Michael Brenson comments strongly about Yuzo Saeki moving to Paris in 1924. He says, “His paintings reflect his isolation. His cafe windows and stores are filled with signs, some illegible. In his ”Snowy Landscape,” figures are on the verge of illegibility. His signs seem like scars of an internal pressure to resolve a conflict between the independence and picturesque subject matter of Paris and a dependence upon his native calligraphic and woodcut tradition.”

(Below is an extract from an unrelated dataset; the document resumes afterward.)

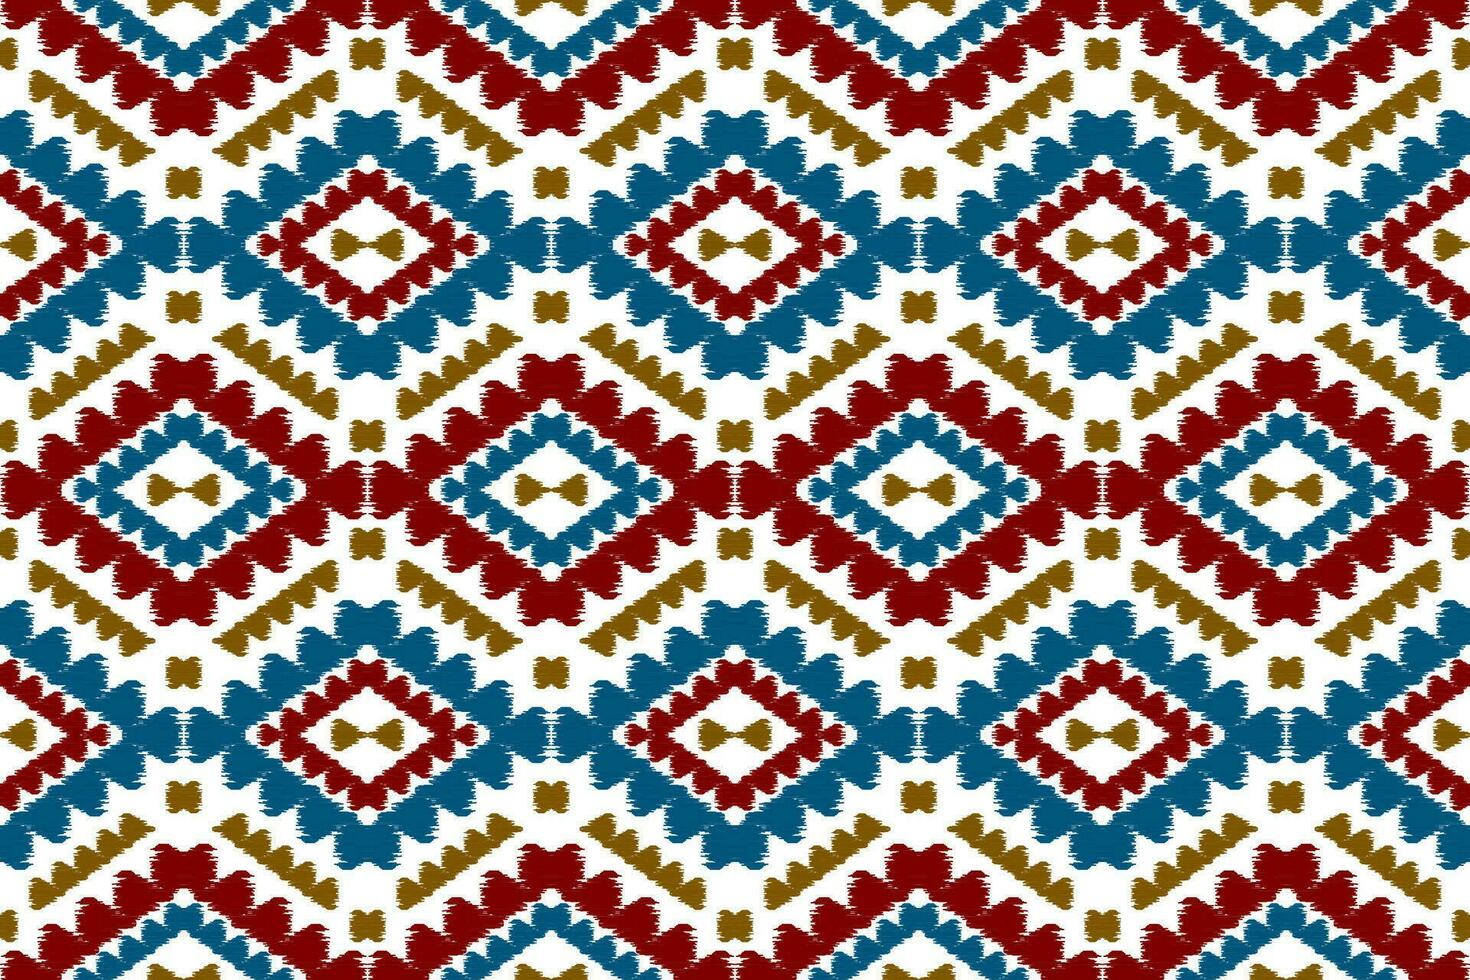 kleding stof ikat patroon kunst. meetkundig etnisch naadloos patroon traditioneel. Amerikaans, Mexicaans stijl. vector

However, despite all the hardship and feelings of social alienation in Paris, it is clear that Yuzo Saeki was more than just intrigued by this famous artistic city. In an ironic sense, his love of this intriguing city can be felt by the artistic fervor and creativity that engulfed Yuzo Saeki’s time in Paris – but ultimately this energy and passion meant that he neglected his health. Therefore, when family and friends back home in Japan pleaded for him to return to the land of his birth, in order to escape the cycle of poverty that was entrapping him and to focus on his health, he declined because now art had engulfed his soul to an extreme.
Overall, it is abundantly clear that Yuzo Saeki fell in love with Paris because the environment enabled him to produce stunning and intriguing art pieces of the highest quality. Despite this, he felt little of this love in return because he died in destitution and one can only imagine his final moments in a mental institution in France before leaving this world.